Provincial government of British Columbia says it's not convinced Kinder Morgan has done enough to address spill concerns in its petition to expand the existing Trans Mountain crude oil pipeline. Photo by Heather Snow/Shutterstock
VANCOUVER, British Columbia, Jan. 12 (UPI) -- The provincial government of British Columbia said it did not support efforts by pipeline company Kinder Morgan to expand a regional crude oil network.
Kinder Morgan petitioned the federal Canadian government to expand the existing Trans Mountain pipeline network to triple its capacity to around 890,000 barrels of oil per day. The provincial government in British Columbia said it wasn't confident the company had done enough to address spill potential from the system.
"Because of this, the province is unable to support the project at this time, based on the evidence submitted," it said in a statement.

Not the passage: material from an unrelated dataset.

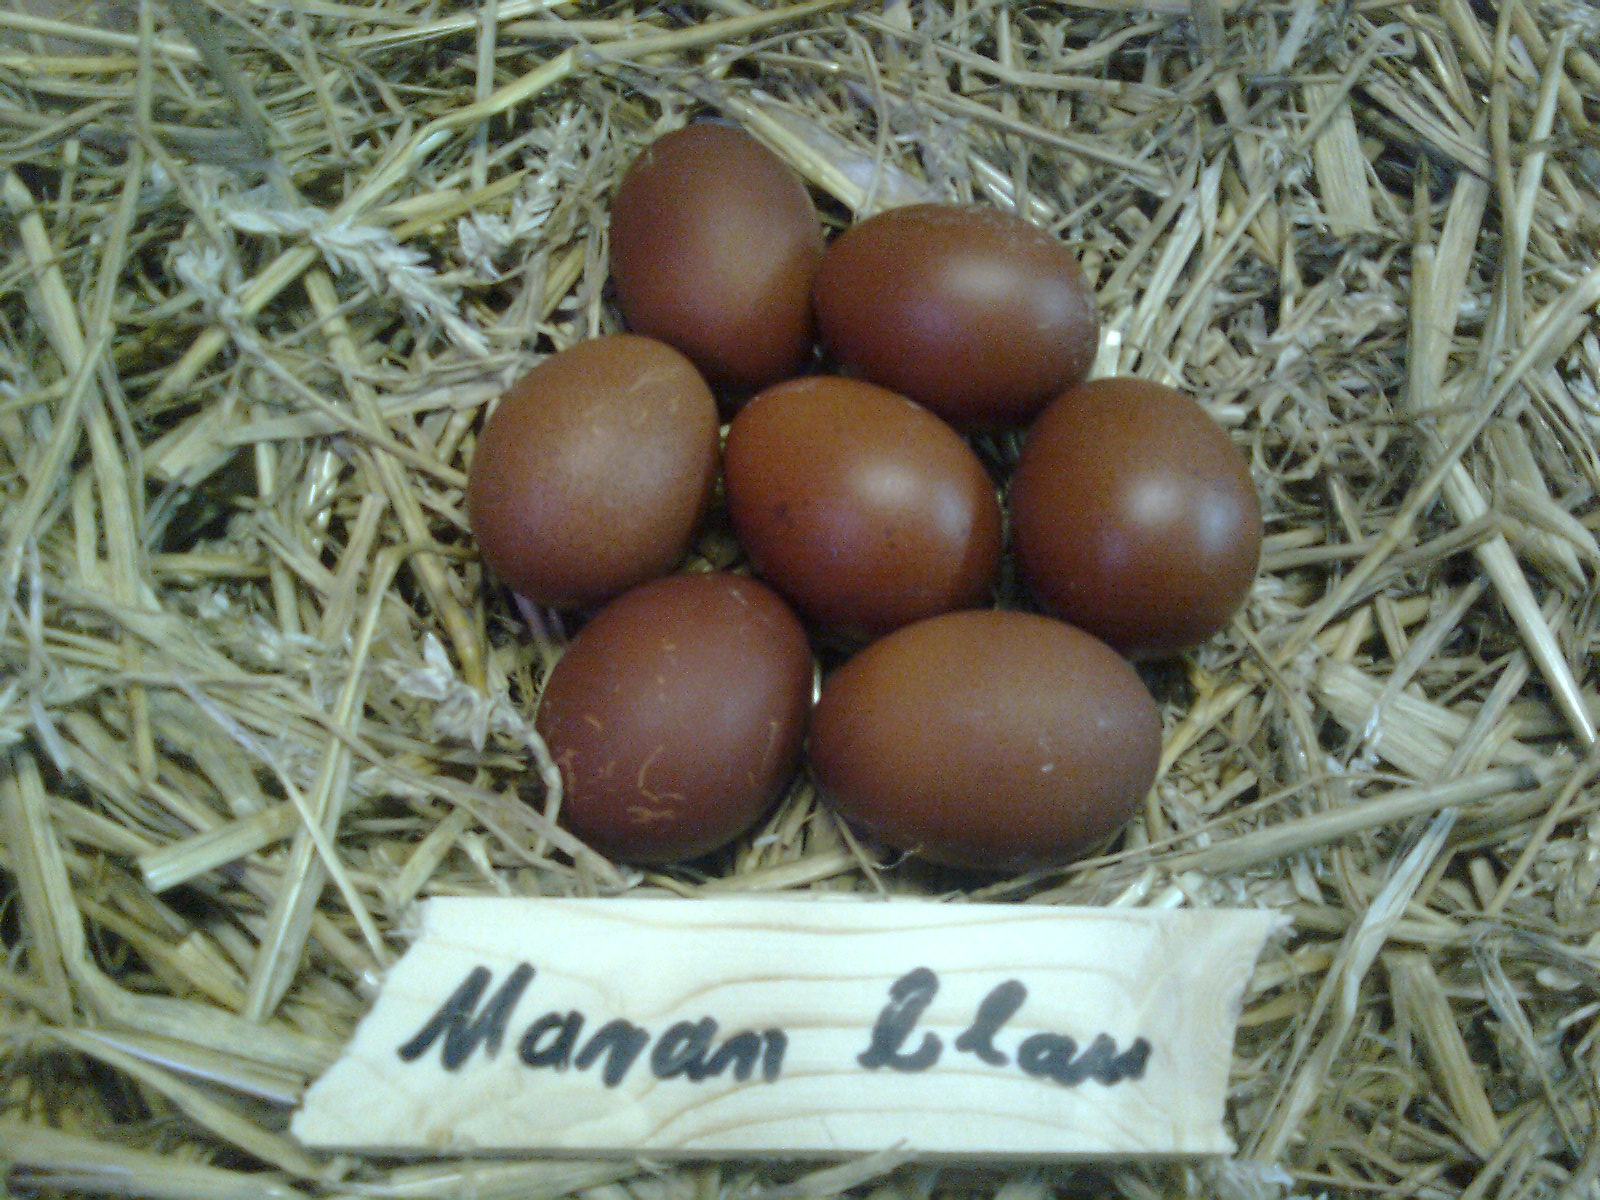 Maran blau/silber -Eier ca. 65-75g schwer, Brutdauer ca. 21 Tage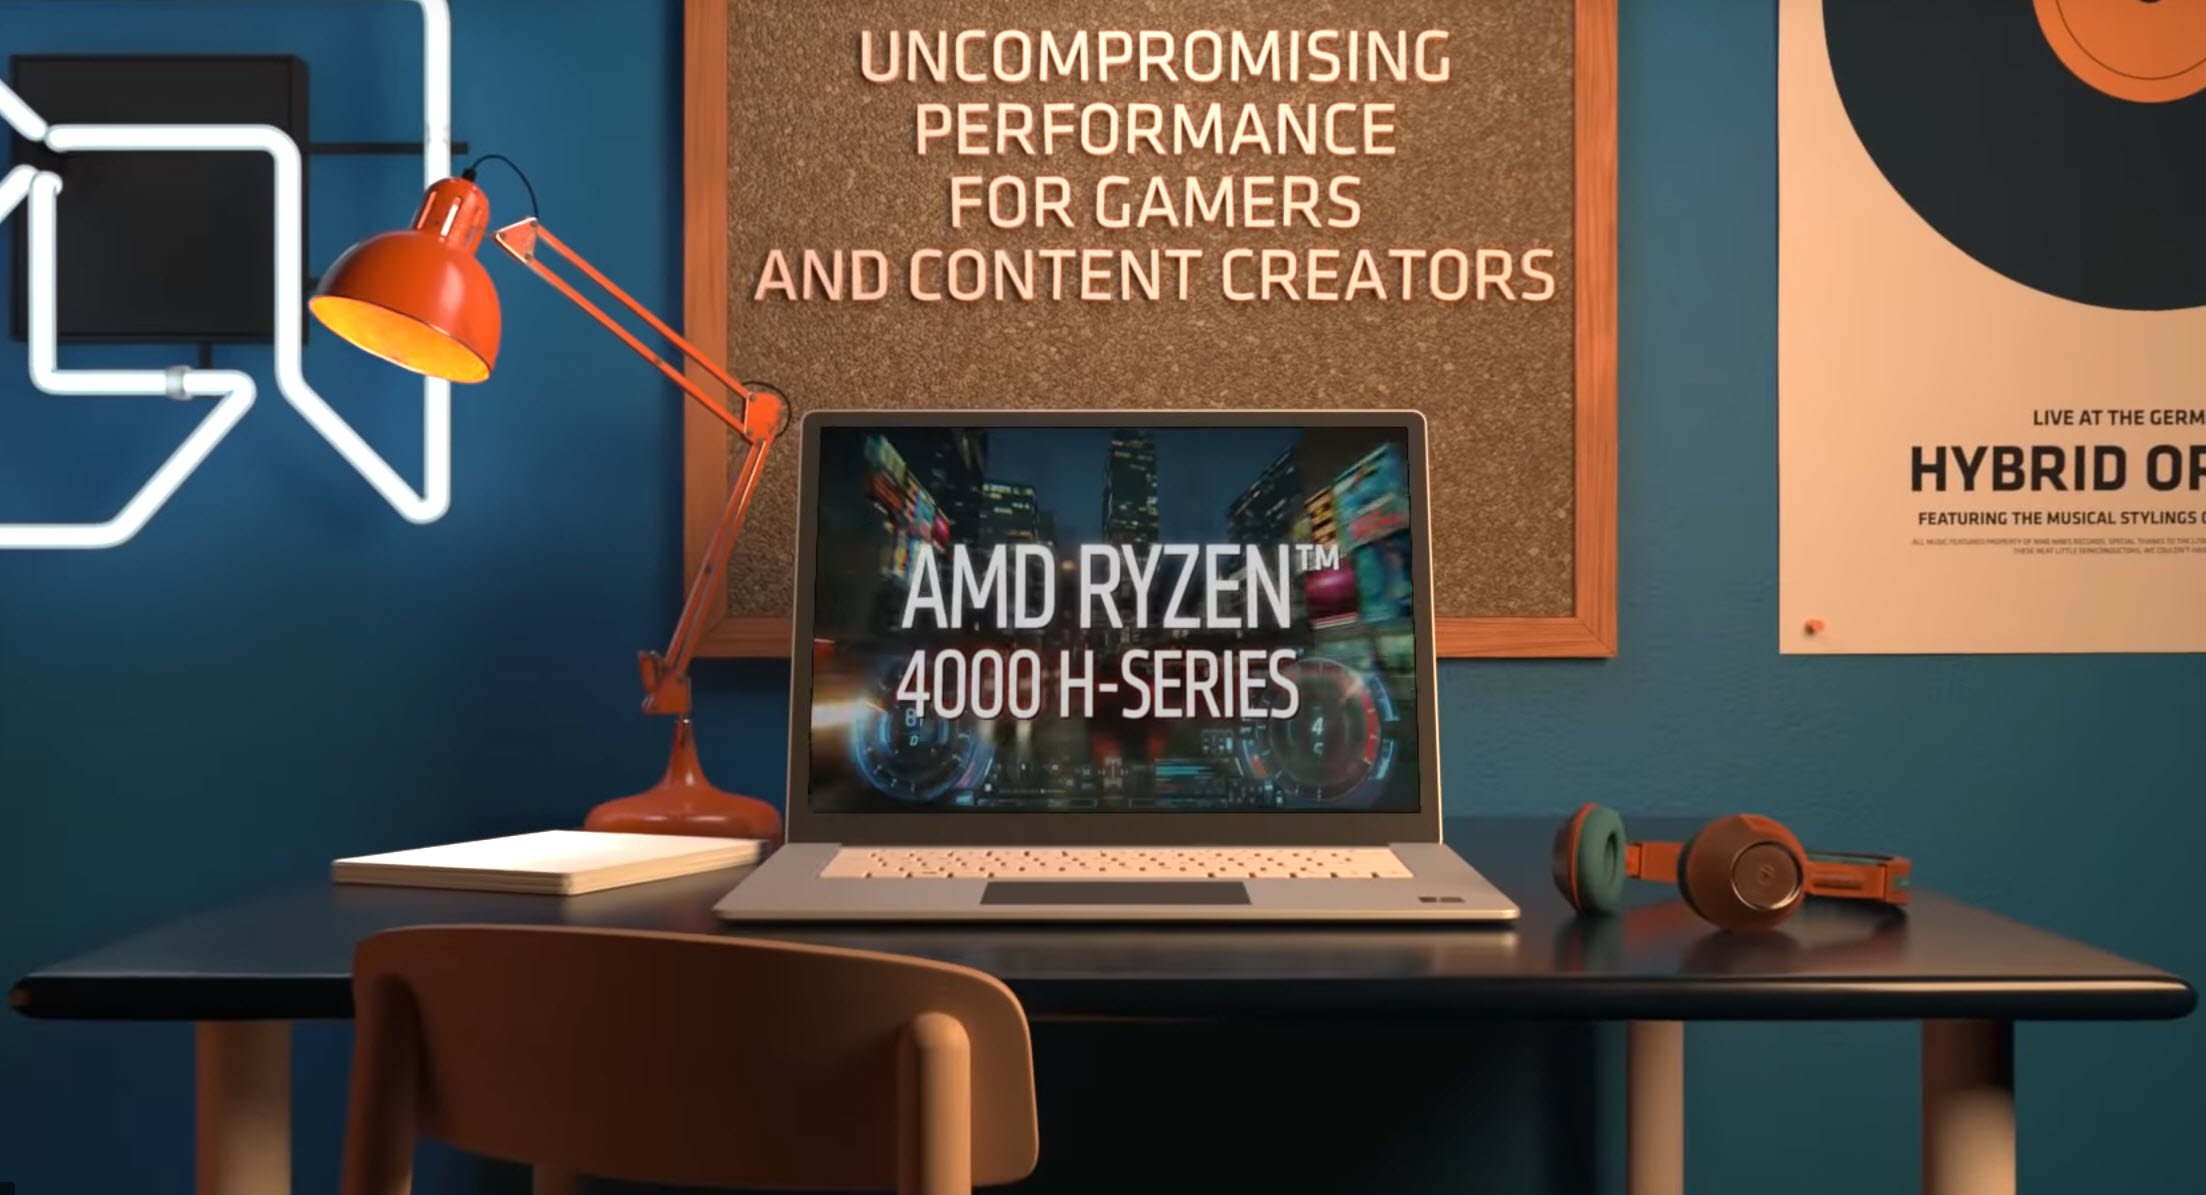 2020 05 09 15 48 37 AMD นำเสนอประสิทธิภาพการประมวลผล และความยืดหยุ่นในการทำงานที่ยอดเยี่ยมด้วย AMD Ryzen PRO 4000 Series Mobile Processor

Advocacy groups in British Columbia have expressed concern about the potential environmental threat from the expanded oil pipeline. Kinder said the existing corridor has been in service for 60 years with few incidents.
An estimated 25 barrels of oil spilled from the existing pipeline in June 2014.
The provincial decision comes as the Canadian energy sector works to expand market access beyond North America under the administration of Prime Minister Justin Trudeau, seen as more of a low-carbon advocate than his predecessor, Stephen Harper.
Speaking to reporters in Vancouver, the prime minister said last month he stands in opposition to the planned Northern Gateway oil pipeline, a pipeline planned by rival Enbridge that could run through a sensitive ecosystem in the region.
Last week, TransCanada sued the U.S. government over its decision to refuse a permit to build the cross-border Keystone XL oil pipeline from Alberta.
The provincial government laid out five conditions for the approval of Kinder Morgan's expansion, which said a comprehensive effort was needed to meet all the spill response requirements.
Provincial Environment Minister Mary Polak said in a conference call with reporters their decision was only one part of the process. The federal NEB is expected to weigh in on the project in May.